Since my post on Thursday, I'd been improving daily. Brain whirring reducing in frequency again. Sexual function practically fully recovered, regular erections even from sitting thinking about sex, solid morning wood, sensitivity almost 100%. Did masturbate to climax again on Saturday and ejaculate was thicker this time.
Started waking again for no reason but all in all getting enough sleep for it to not be a problem.
Biggest issues have been fatigue and pain in arms and wrists.
Awoke this morning and probably felt the best I have since crashing. Woke up to morning wood. Got up, and did usual routine, took chicken from slow cooker, drained the broth, did previous evening's washing up etc. Decided on scrambled eggs and spinach for breakfast.
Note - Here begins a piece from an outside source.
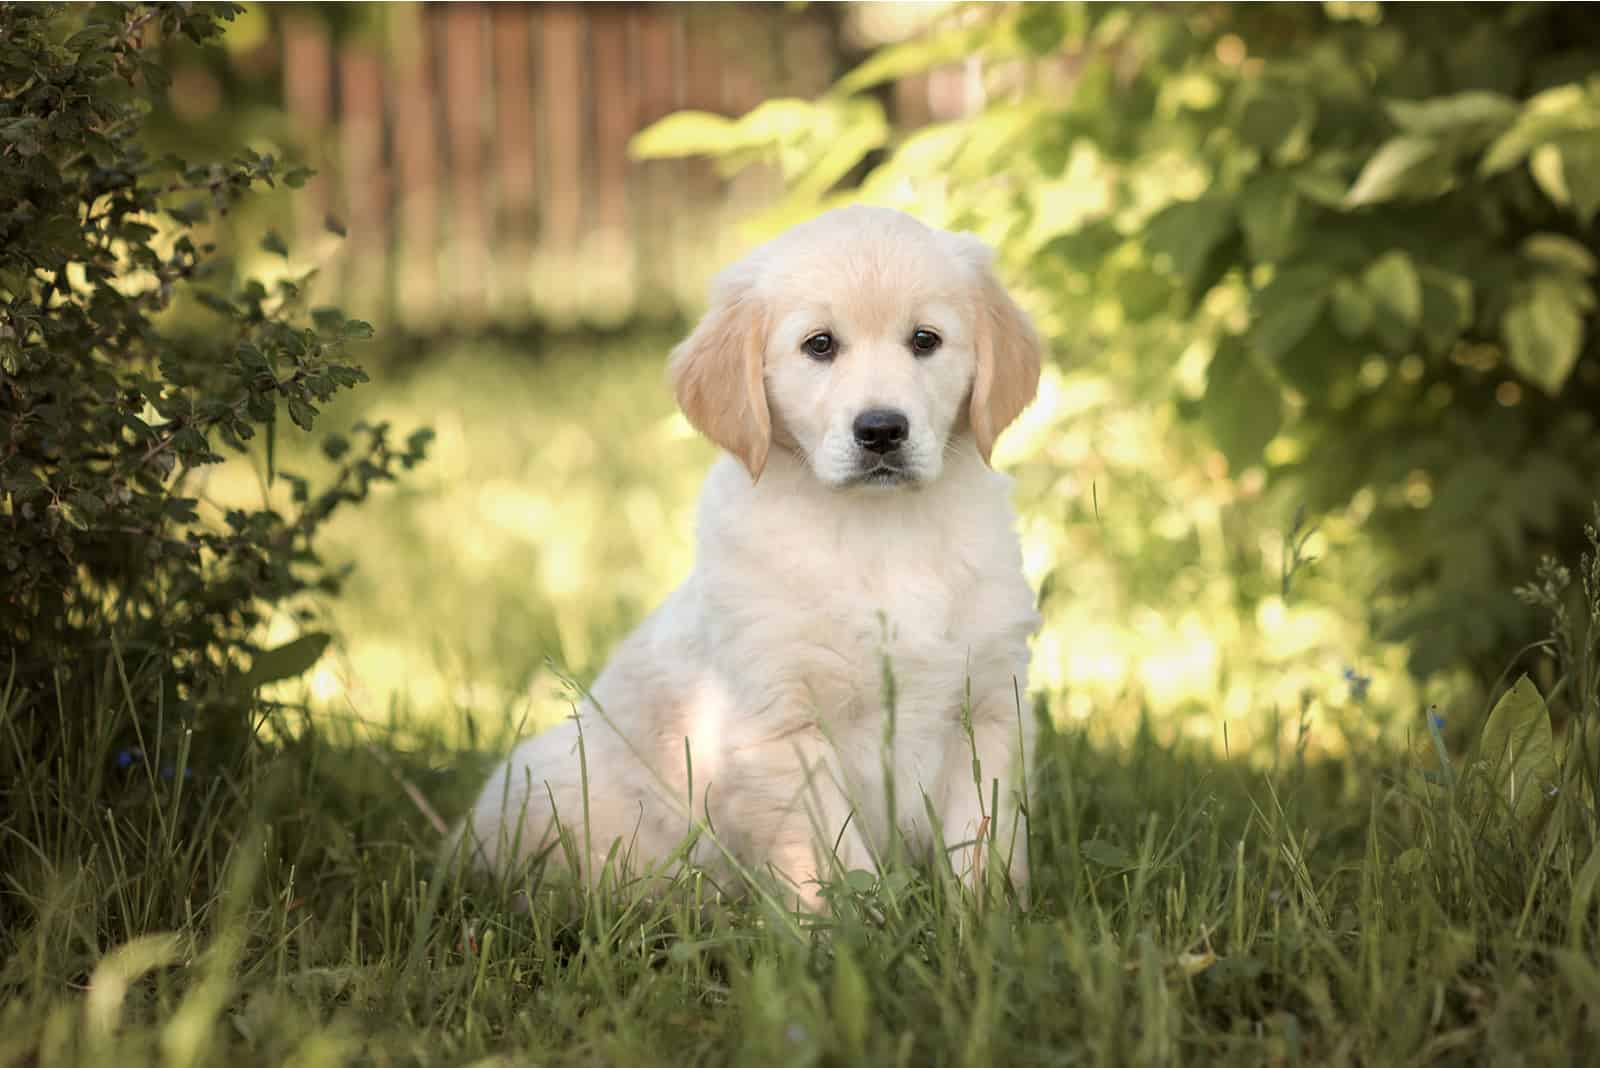 Golden Retriever puppy sitting on grass

Then sat on the couch watching tv and on the internet, felt good, enjoying what I'm doing.
However, a few hours later, I went to the toilet to defecate. I'm still having infrequent bowel movements at the moment, once every two to four days. As I was excreting, I was reading twitter on my phone. After a few minutes, it was becoming difficult to focus and concentrate, felt as though my mind was racing too quickly.
I felt worse an hour later. My mum tried to converse with me but I just held my hand up, couldn't really do it.
Decided to have chicken broth, chicken, rice and spinach and I felt a little bit better afterwards, only marginally though. Enough to where the fear went away a bit and I could think a little bit clearer. Since then been sat on the couch, still feeling fucked up and I type this, spaced out.
I can't understand why this has happened today like this.
All I can think is that I still need to eat the broth within the first few hours of waking? I was hoping to move on from the broth after today in fact, so good has my progress been and I wanted to move to rice, potatoes, meats, fish and greens full time. Maybe when I had a shit, I lost minerals or something, I've no idea.
It's knocked my confidence a bit. Up until this happened today I was feeling really good, mentally and sexually with the arm pain and fatigue to be resolved. Can't understand it. Still feeling really lucky and grateful for all the progress so far.
Can anyone say why this sort of thing can happen after such improvement and no particular change to the routine?